Cantinho Manoel de Barros

Ao ler Menino do mato, de Manoel de Barros, tive que dividir alguns sabores dessa viagem com vocês. Fica aqui a dica de leitura e uma deliciosa intimação.


“Ali a gente brincava de brincar com as palavras."

"A gente gostava das palavras quando elas perturbavam o sentido normal da ideias. Porque a gente também sabia que só os absurdos enriquecem a poesia."

"Nossas palavras se ajuntavam uma na outra por amor e não por sintaxe. A gente queria o arpejo. O canto. O gorjeio das palavras."


"Certas visões não significam nada mas eram passeios verbais."
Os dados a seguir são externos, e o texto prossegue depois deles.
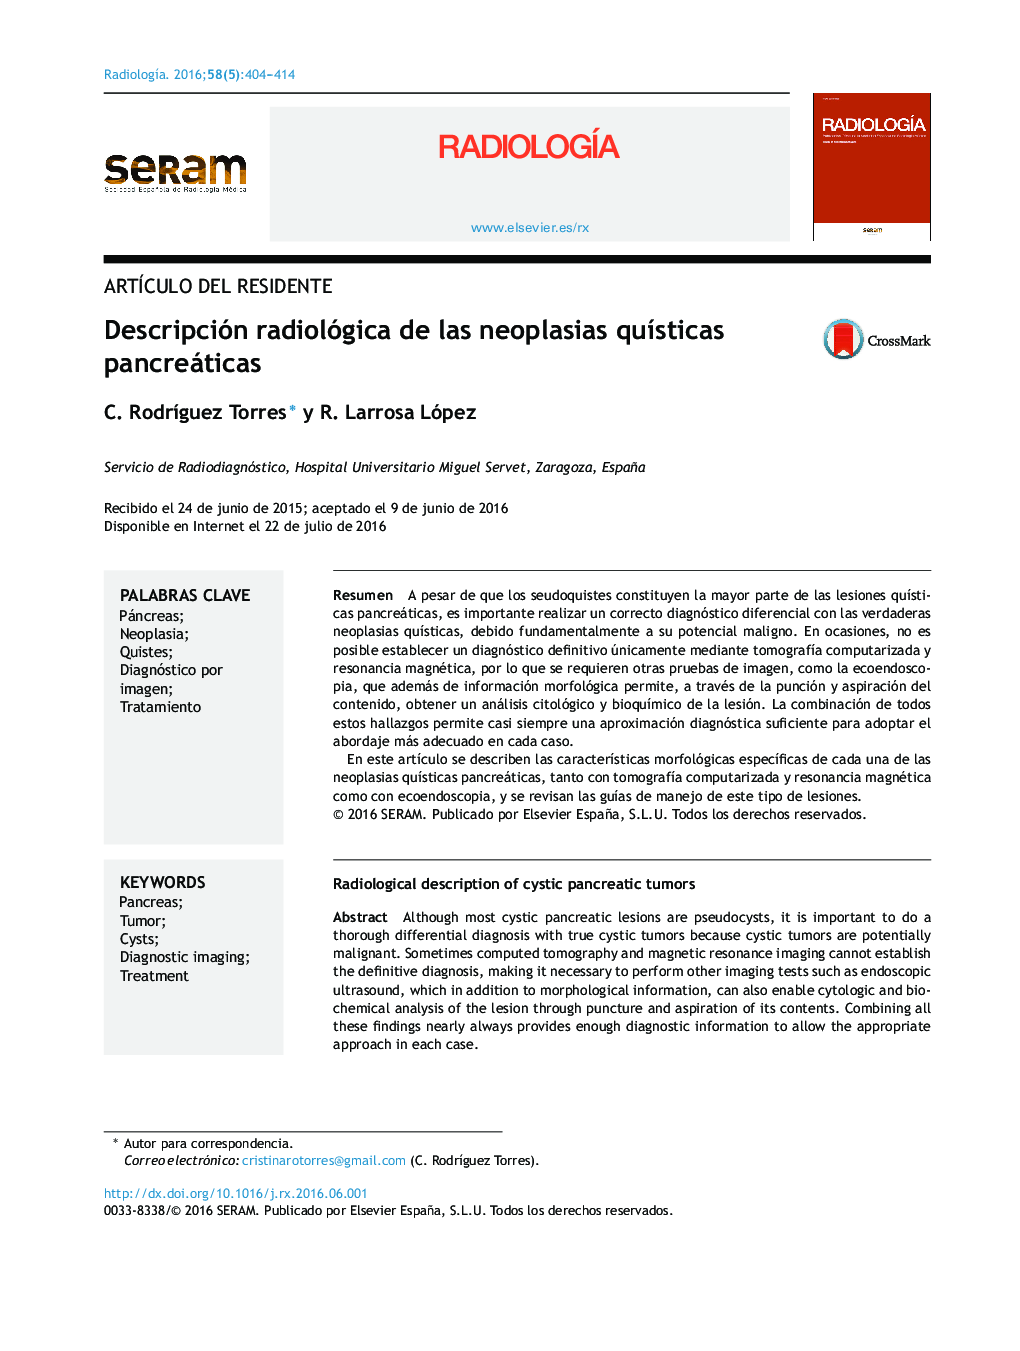 Descripción radiológica de las neoplasias quísticas pancreáticas

"A gente gostava bem das vadiações com as palavras do que das prisões gramaticais."


"Eu vivia embaraçado nos meus escombros verbais."


"Porque todos estávamos abrigados pelas palavras. Usávamos todos uma linguagem de primavera. Eu viajava com as palavras ao modo de uma dicionário. A gente bem quisera escutar o silêncio do orvalho sobre as pedras."


"Eu sonhava de escrever um livro com a mesma inocência com que as crianças fabricam seus navios de papel."


"Eu queria pegar com as mãos no corpo da manhã. Porque eu achava que a visão fosse um ato poético do ver. Tu não gostasse do caminho comum das palavras antes melhor eu gostasse dos absurdos."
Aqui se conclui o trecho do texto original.